◆ **Work item**: Beneath this line sits some data. Return only its lines from the one holding "autobuses escolares americano" through the one holding "SAO里发生的一个sex bug 12", inclusive, exactly, with the images removed.

◆ **Information shown**:
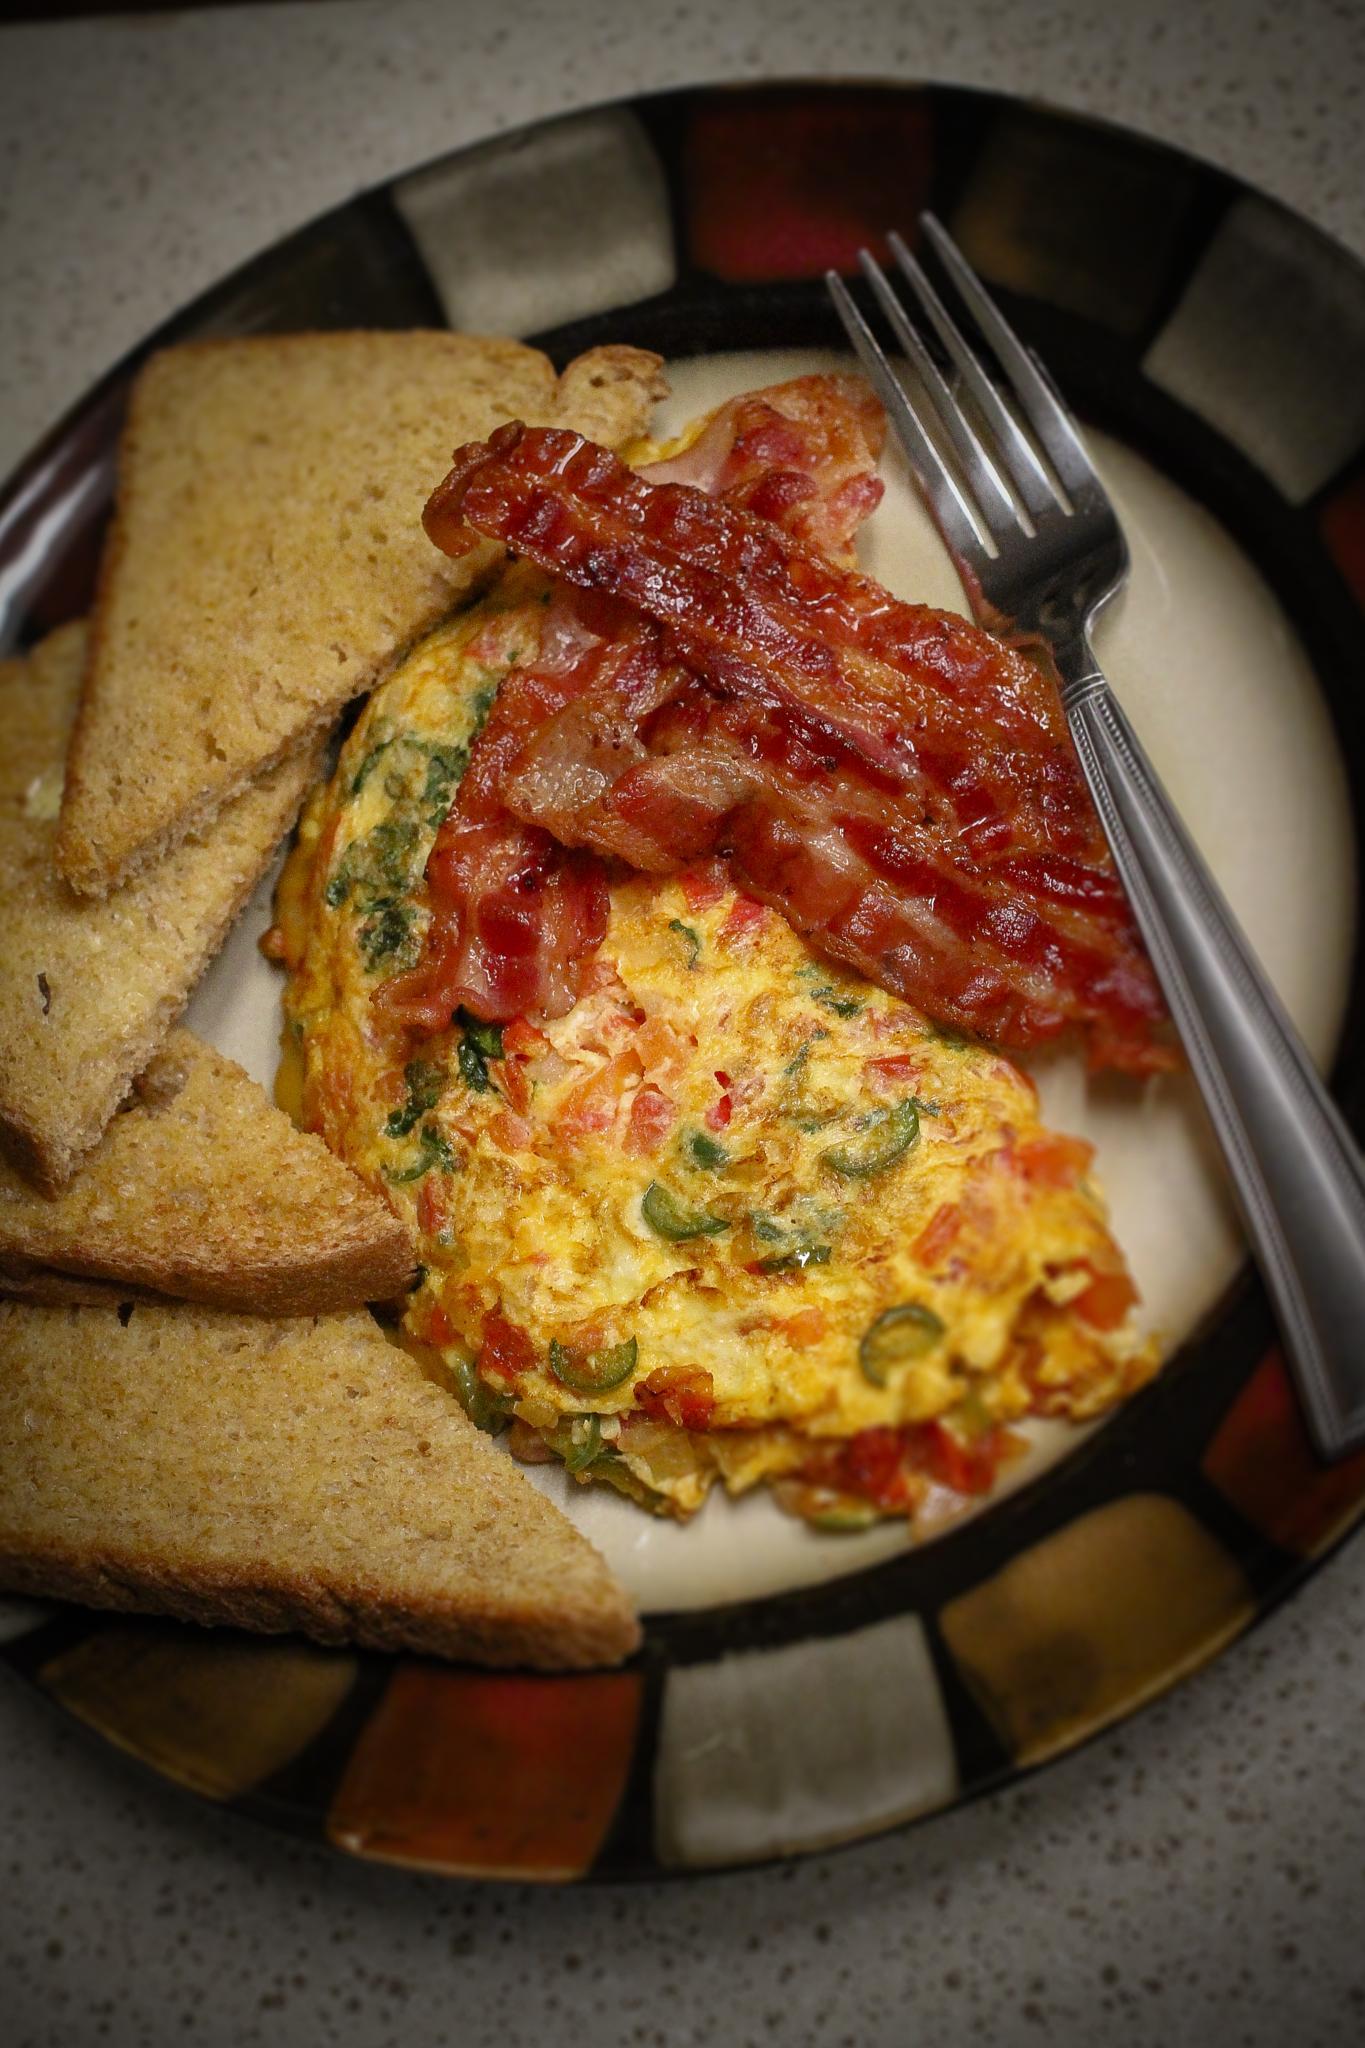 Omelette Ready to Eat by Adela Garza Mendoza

==

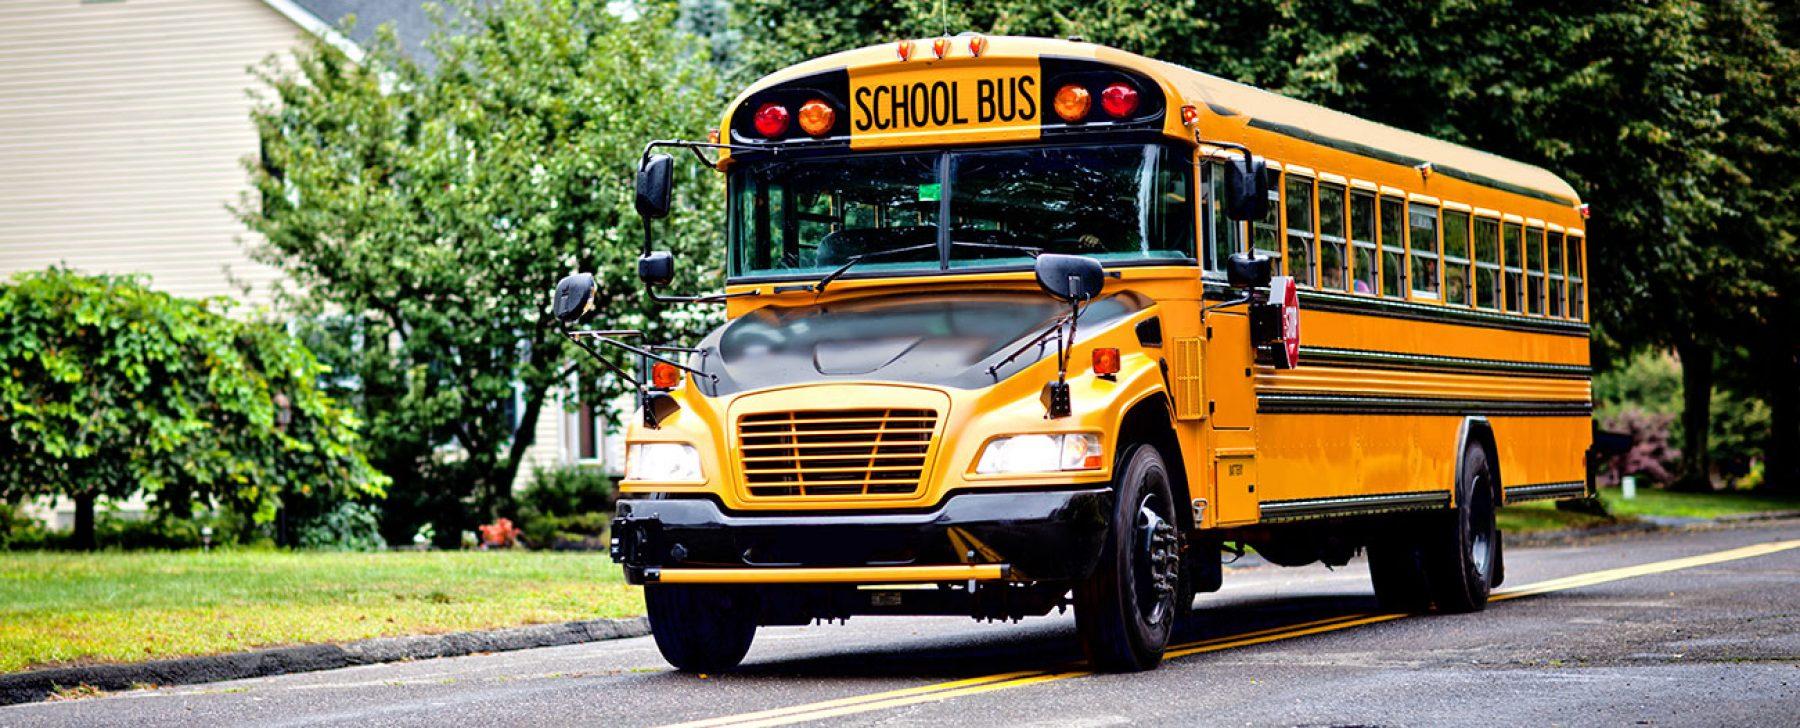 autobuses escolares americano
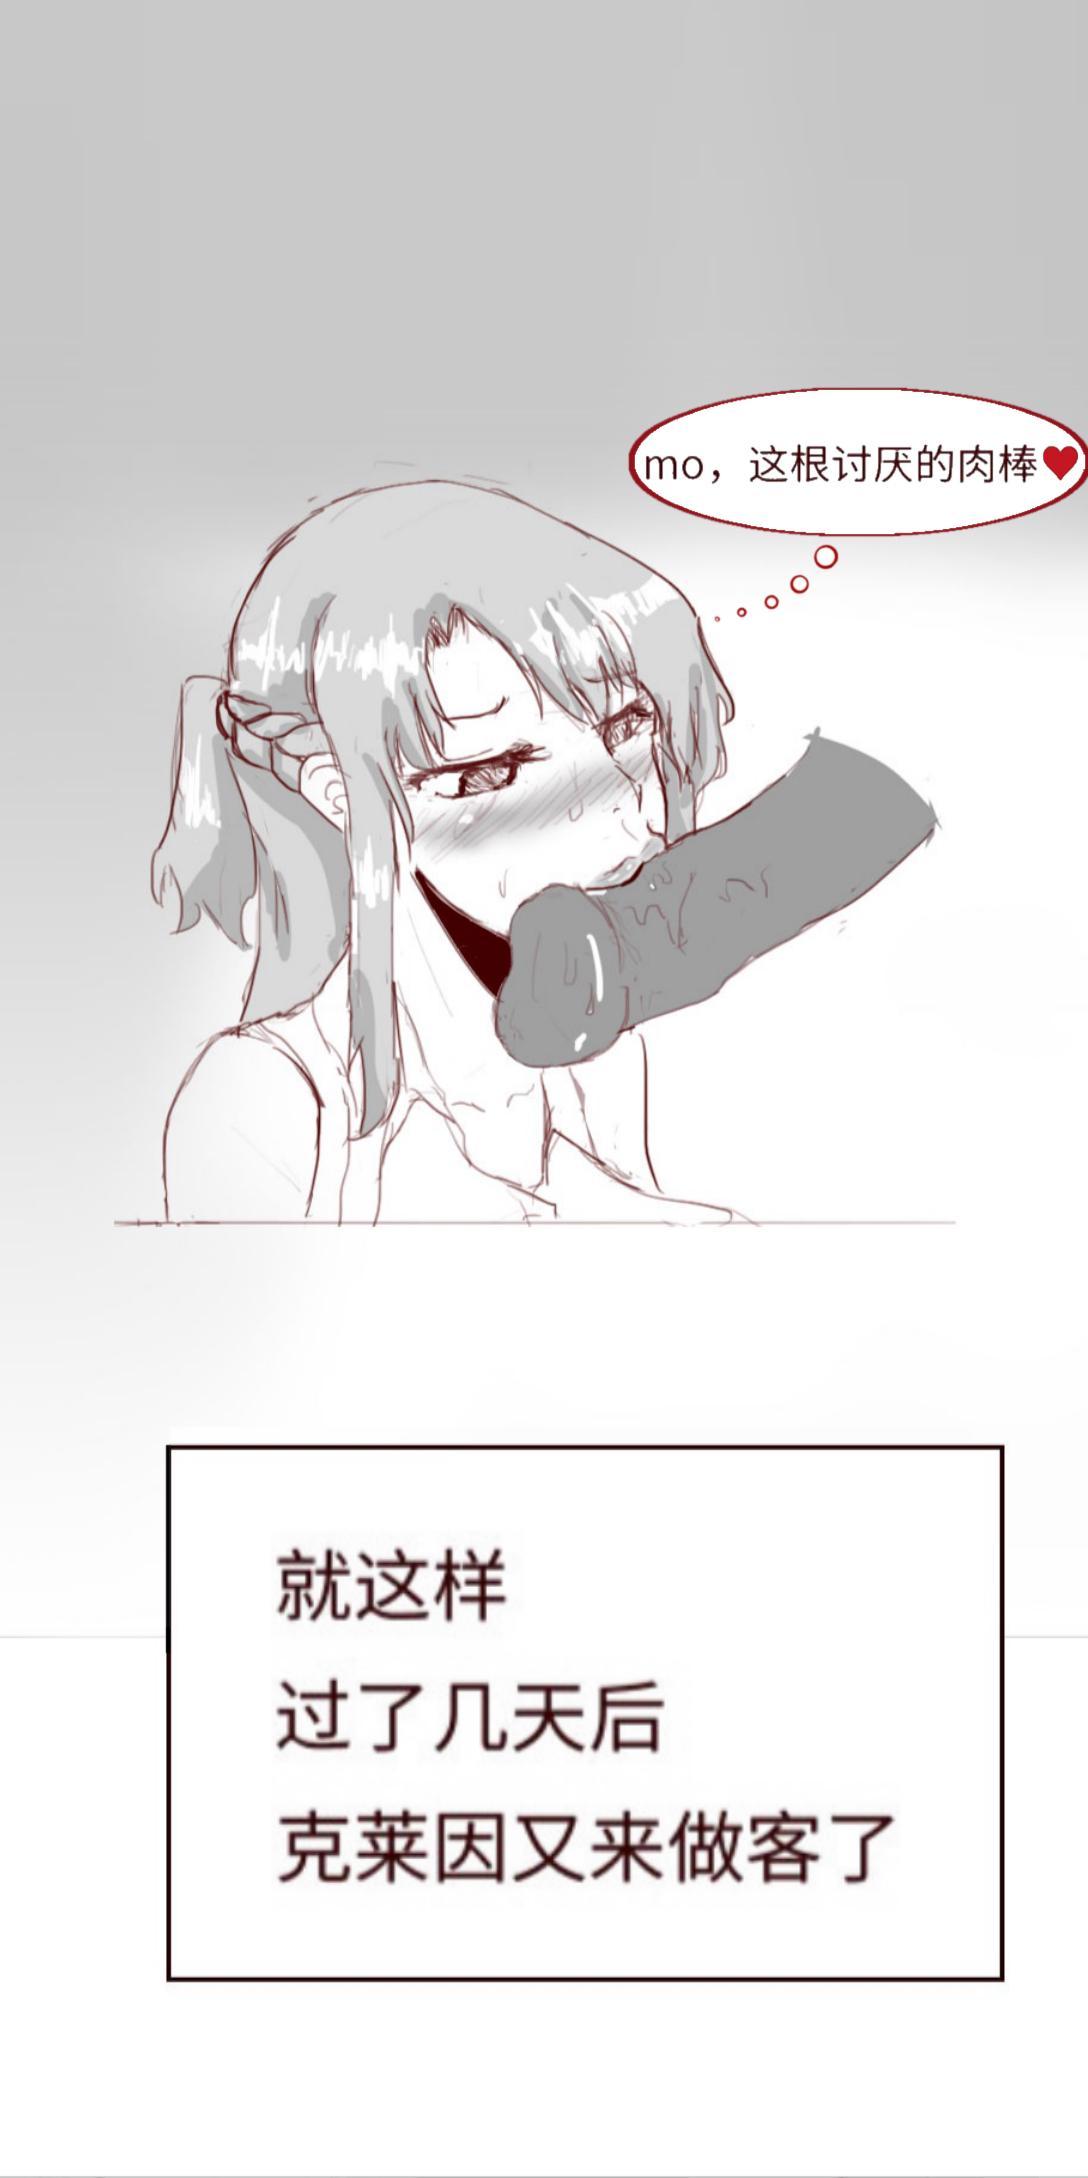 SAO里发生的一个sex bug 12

◆ **Result**:
 autobuses escolares americano
 SAO里发生的一个sex bug 12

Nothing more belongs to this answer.